Understanding the Resource Cost of Fully Homomorphic Encryption in Quantum Federated Learning
Lukas Böhm, Arjhun Swaminathan, Anika Hannemann, Erik Buchmann
TL;DR
This work implemented various QML models including a Quantum Convolutional Neural Network trained in a federated environment with parameters encrypted using the CKKS scheme, marking the first QCNN trained in a federated setting with CKKS-encrypted parameters.
Abstract
Quantum Federated Learning (QFL) enables distributed training of Quantum Machine Learning (QML) models by sharing model gradients instead of raw data. However, these gradients can still expose sensitive user information. To enhance privacy, homomorphic encryption of parameters has been proposed as a solution in QFL and related frameworks.

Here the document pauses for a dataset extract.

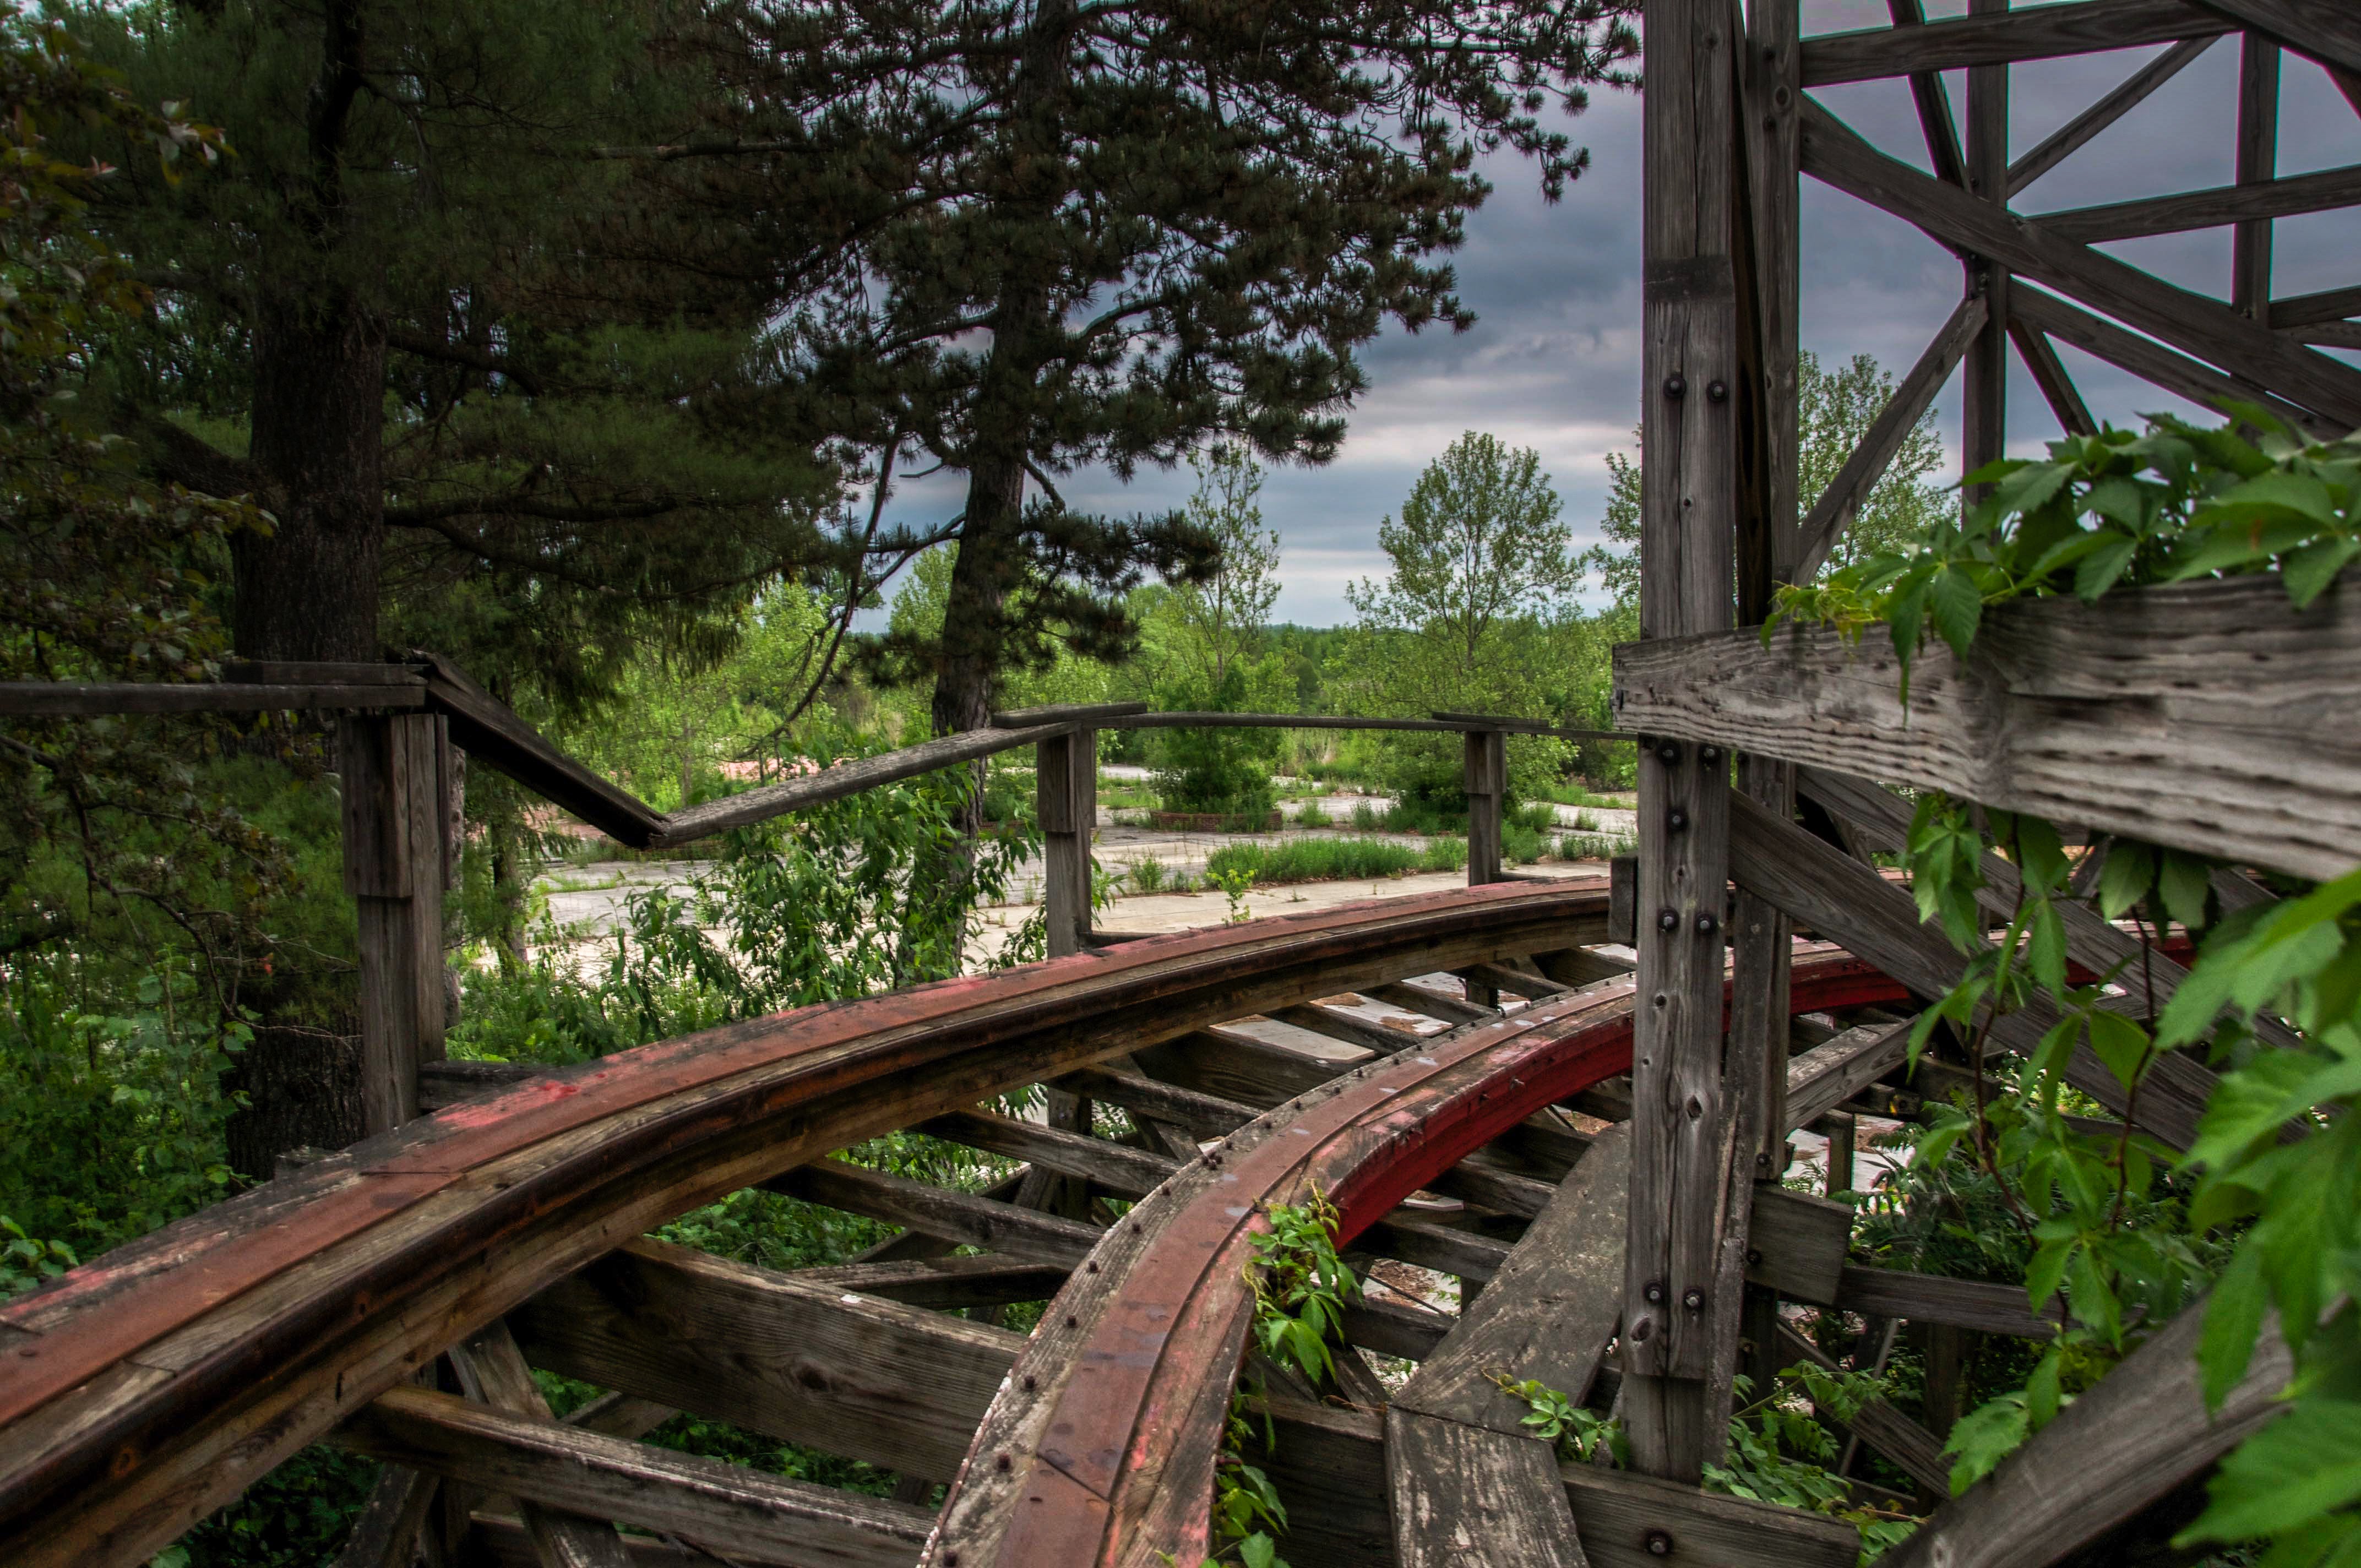 abandoned amusement parks you can visit

In this work, we evaluate the overhead introduced by Fully Homomorphic Encryption (FHE) in QFL setups and assess its feasibility for real-world applications. We implemented various QML models including a Quantum Convolutional Neural Network (QCNN) trained in a federated environment with parameters encrypted using the CKKS scheme. This work marks the first QCNN trained in a federated setting with CKKS-encrypted parameters. Models of varying architectures were trained to predict brain tumors from MRI scans. The experiments reveal that memory and communication overhead remain substantial, making FHE challenging to deploy. Minimizing overhead requires reducing the number of model parameters, which, however, leads to a decline in classification performance, introducing a trade-off between privacy and model complexity.